I was only suggesting raid for the I/O performance…not for drive failure…

With adding the Velociraptor to my rig I went from loading in almost last in servers to actually having to wait for the server to load the map and being first in. I haven’t use RAID so I can’t speak for that but it was definitely one of the best things I added to the rig. I spent $169 for the 150 GB drive…

The Western Digital raptors and Velociraptors ARE different.

Yes, the velociraptor drives are designed for very high I/O levels for a desktop grade SATA drive. But I would rather just run a SAS drive. They will provide a significantly higher level of I/O performance vs any SATA drive, due to not only the 15k spindle speed, but the SAS interface is far superior from a electrical perspective. The nice thing about SAS is most motherboards are able to handle them stock, and the connector is physically the same as SATA.

This is a good drive for the price… All you need is a SAS cable, assuming your mobo supports SAS. Does it have two, or maybie 4 different color SATA’s on it? 4 of them black, two red?

My constructive as possible thoughts…

Looks like it’s going to be a kick ass machine.

Good job on the build!

Thanks for the input. I appreciate it.

I love the case. Not for the rice but for the fans and the room in the case.

I dropped the HDD, I’m going with 2 500s in RAID. I’ve read wayyy too many really bad reviews on the 1.5TB.

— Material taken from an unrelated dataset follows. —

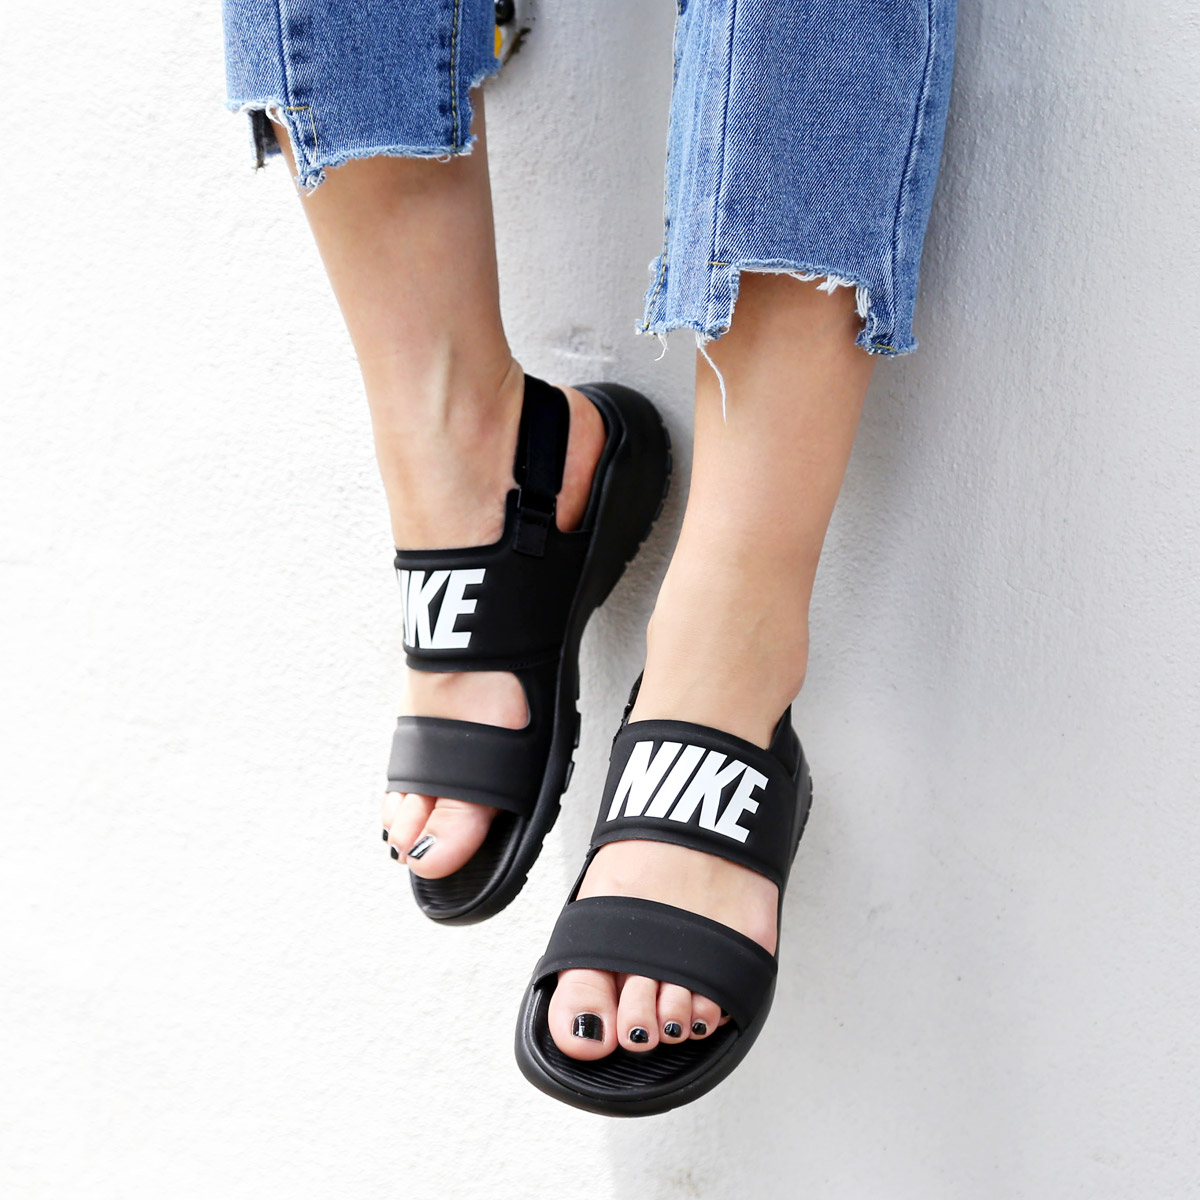 8fdf85ccccaa NIKE WMNS TANJUN SANDAL (Nike women tongue Jun sandals) BLACK WHITE-BLACK  17SU-I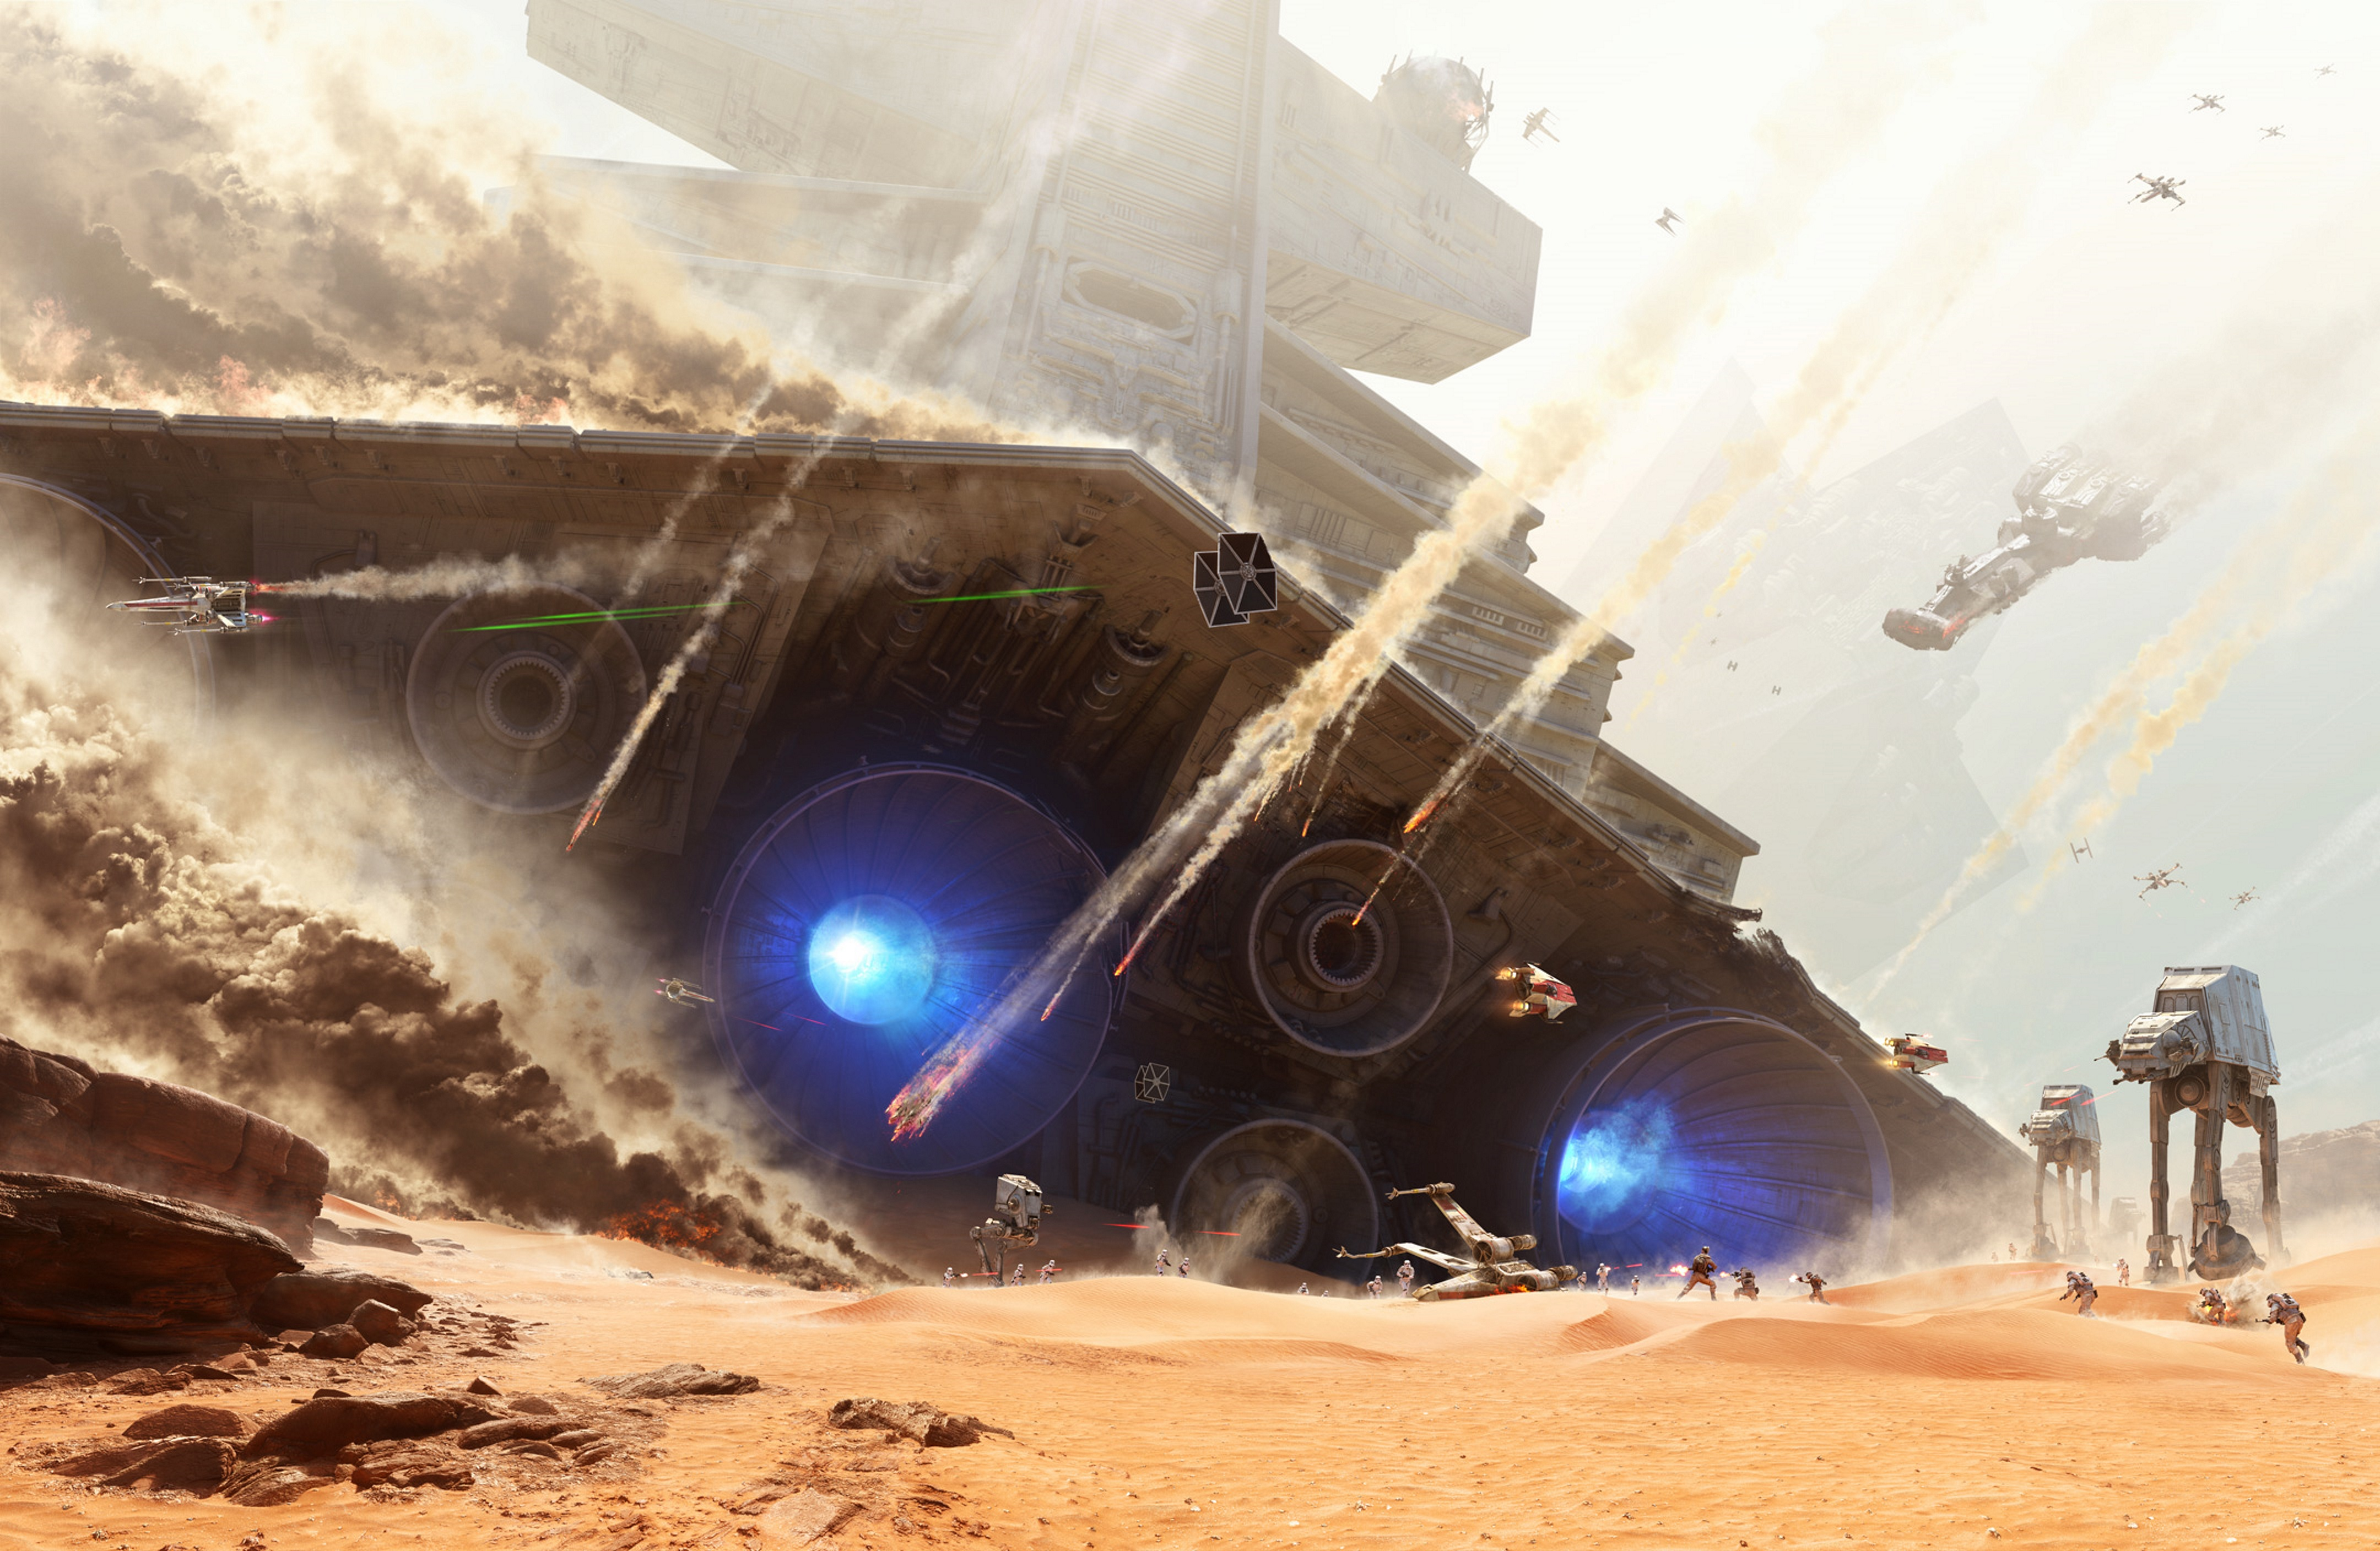 Star Wars Battlefront   Battle of Jakku [Hi Res Textless Wallpaper 4320x2816

A nice video card for gaming can never be excessive. The CPU and RAM are excessive for gaming, but that is where the HD video editing comes in. I’m looking to go 64bit Vista anyway, so I’m not going to hit the 3gb max in a 32 bit OS. My friend, who builds high end gaming machines almost weekly, highly recommended the XFX. They are great quality.

I currently have an XFX. Been using them for years and this is probably my 2nd or 3rd one. I had one fail but I think that was due to poor cooling in the Dell case. They do make solid GPUs

:word:

Wednesday I’ll be buying everything… if the GTX 295 re-stocks anytime soon.

You use speakers over a headset? Don’t forget the thermal paste and an anti-static wrist band, and a heatsink. Standard heatsinks generally suck.

People still use anti static wrist bands?